Jc_redo_youtube_bar_h_2col

Voronoi tessellation

To understand the Voronoi diagram, think of a fixed number (say, 100) of randomly placed points inside a bar. Then, for any point inside the bar area, it has a nearest neighbor among those 100 fixed points. Assign every point on the surface to its nearest neighbor. From this, one can draw a boundary around each of the 100 points to include all its nearest neighbors. The resulting tessellation is the Voronoi diagram. (The following illustration comes from this AMS column.)

Ams_voronoi

 

The density of points in the respective bars encodes the relative proportions of people within those groups. For my example, I placed 6 points in the red bar, 666 points in the yellow bar, and ~2000 points in the gray bar, which precisely represents the relative proportions of creators in the three segments.

Density is represented statistically

Notice that the density is represented statistically, not empirically.
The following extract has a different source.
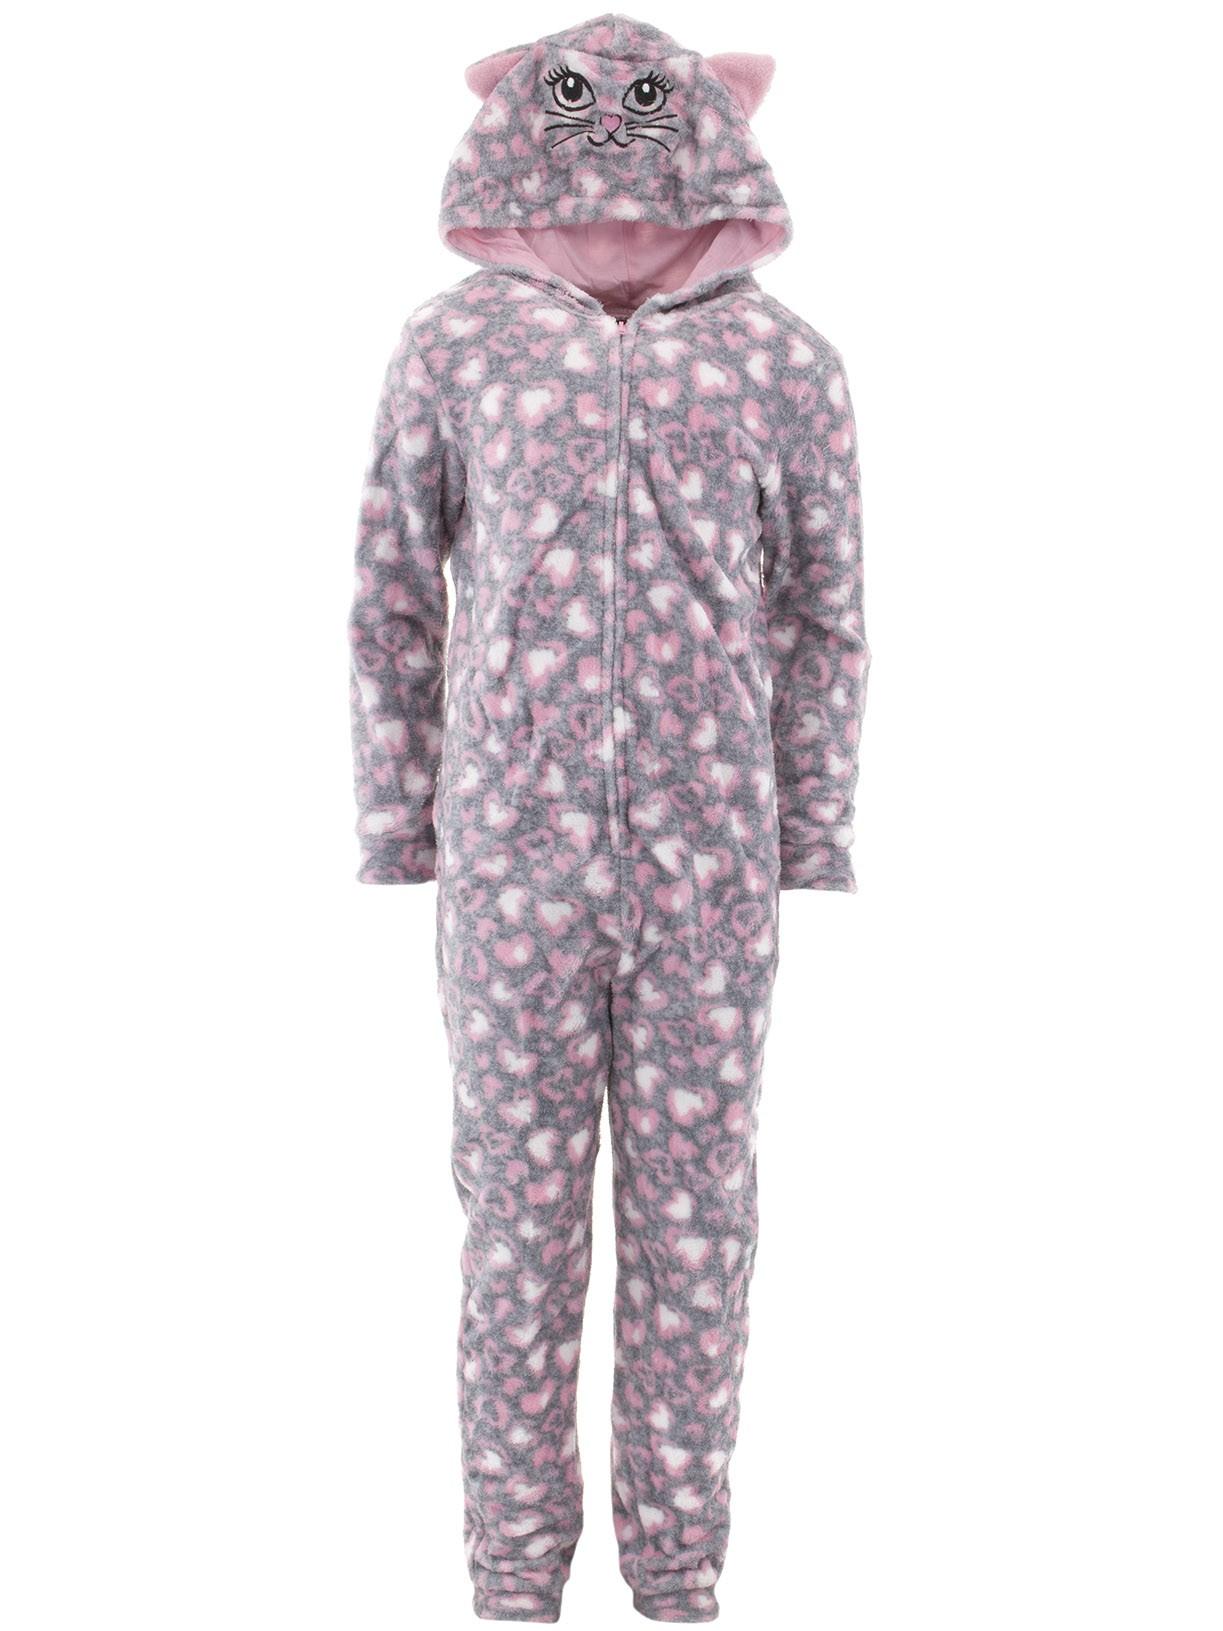 dELiA*s Girls Cat Gray Hooded One-Piece Pajamas

According to the annotation on the original chart, the red bar represents 14,000 super-creators. Correspondingly, there are 4.5 million creators in the gray bar. Any attempt to plot those as individual pieces will result in a much less impactful graphic. If the representation is interpreted statistically, as relative densities within each people segment, the message of relative importance of the units within each group is appropriately conveyed.

A more sophisticated way of deciding how many points to place in the red bar is to be developed. Here, I just used the convenient number of 6.
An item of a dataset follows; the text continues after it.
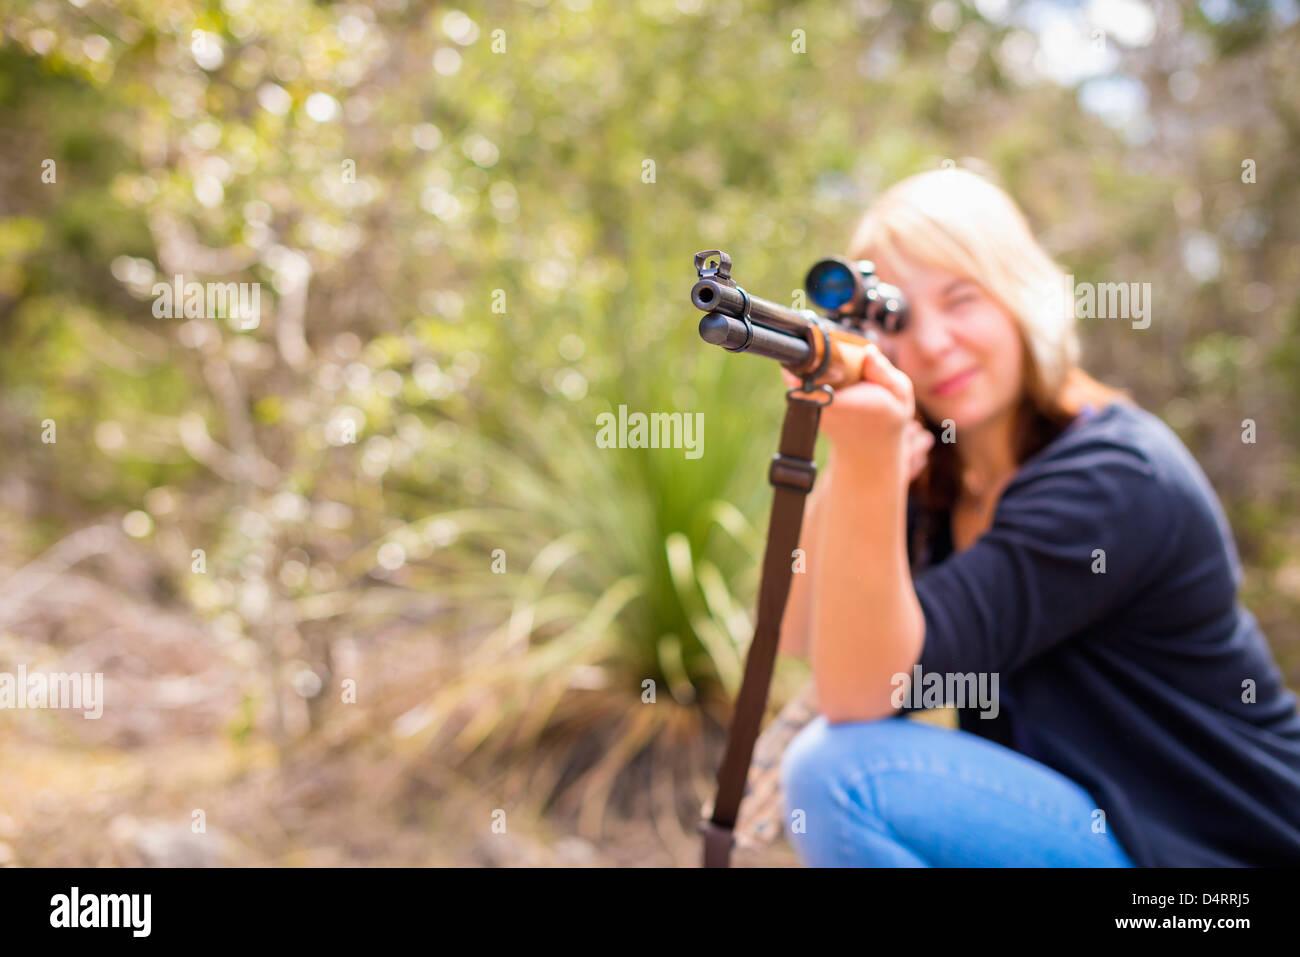 Young woman shooting a hunting rifle firearm, Female 19 Caucasian, Texas, USA - Stock Image

The color shades are randomly applied to the tessellation pieces, and used to facilitate reading of densities.

***

In this section, I provide R code for those who want to explore this some more. This is code used for prototyping, and you're welcome to improve them. The general strategy is as follows:

  • Set the rectangular area (bar) in which the Voronoi diagram is to be embedded. The length of the bar is set to the proportion of views, appropriately scaled. The code utilizes the dirichlet function within the spatstat package to generate the fixed points; this requires setting up the owin parameter to represent a rectangle.
  • Set the number of points (n) to be embedded in the bar, determined by the relative proportion of creators, appropriately scaled. Generate a data frame containing the x-y coordinates of n randomly placed points, within the rectangle defined above.
  • Use the ppp function to generate the Voronoi data
  • Set up a colormap for plotting the Voronoi diagram
  • Plot the Voronoi diagram; assign shades at random to the pieces (in a production code, these random numbers should be set as marks in the ppp but it's easier to play around with the shades if placed here)
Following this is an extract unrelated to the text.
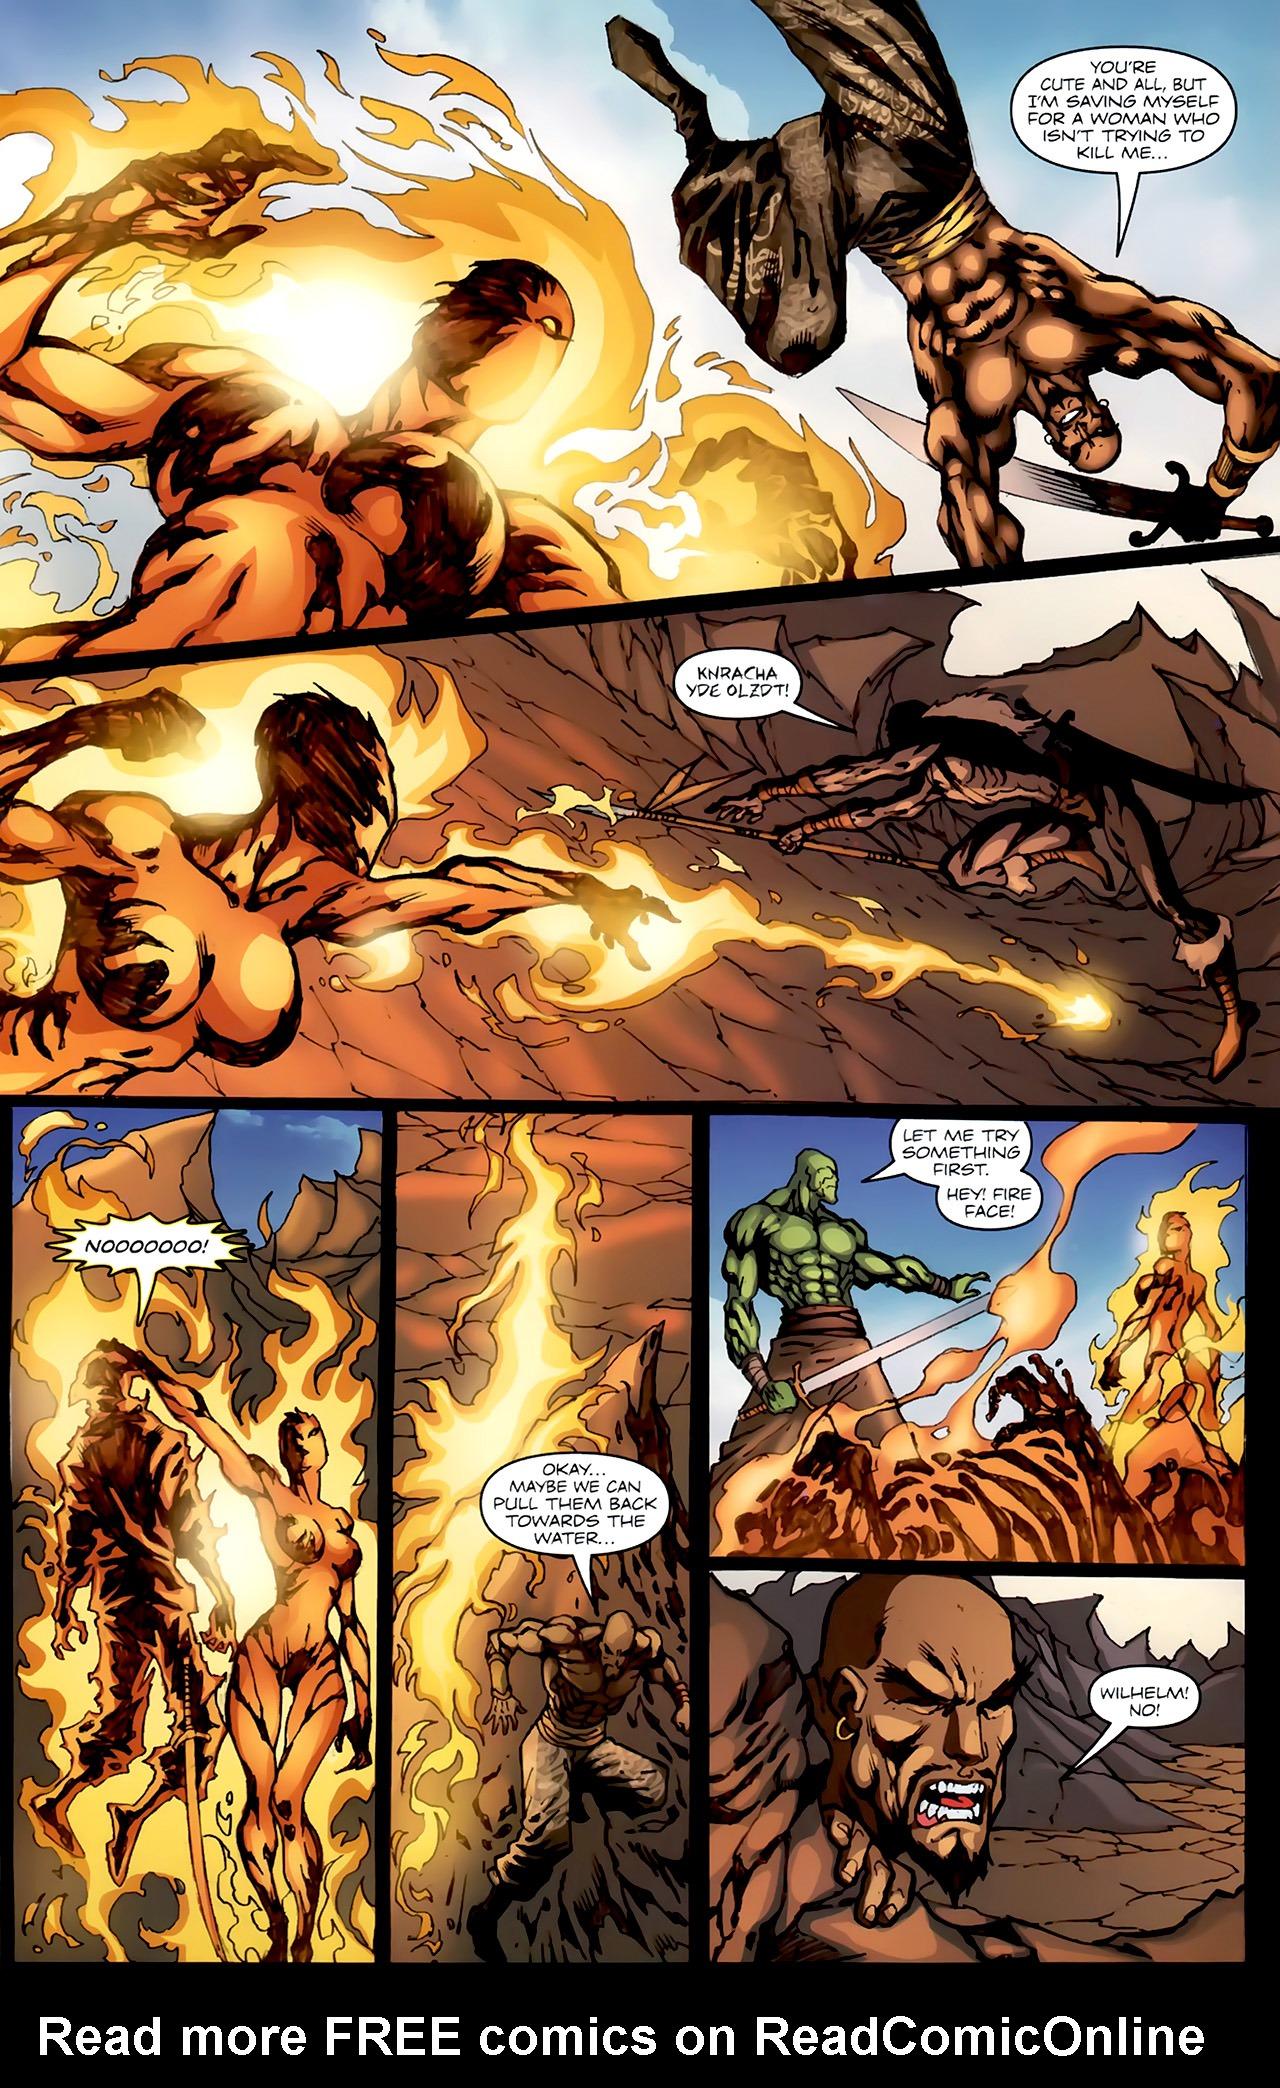 Read online 1001 Arabian Nights: The Adventures of Sinbad comic -  Issue #4 - 16

The code generates separate charts for each bar segment. A post-processing step is currently required to align the bars to attain equal height. I haven't figured out whether the multiplot option helps here.

library(spatstat)

# enter the scaled proportions of creators and views
# the Youtube example has three creator segments

# number of randomly generated points should be proportional to proportion of creators. Multiply nc by a scaling factor if desired

nc = c(3, 33, 965)*2

# bar widths should be proportional to proportion of views
# total width should be set based on the width of your page

wide = c(378, 276, 346)/2

# set bar height, to attain a particular aspect ratio
bar_h = 50

# define function to generate points
# defines rectangular window

makepoints = function (n, wide, height) {
    df <- data.frame(x = runif(n,0,wide),y = runif(n,0,height))
    W <- owin( c(0, wide), c(0,height) ) # rectangular window
    pp1 <- as.ppp( df, W )
    y <- dirichlet(pp1)
    # y$marks <- sample(0:wide, n, replace=T) # marks are for colors
    return (y)
}

y_red = makepoints(nc[1], wide[1], bar_h) # height of each bar fixed
y_yel = makepoints(nc[2], wide[2], bar_h)
y_gry = makepoints(nc[3], wide[3], bar_h)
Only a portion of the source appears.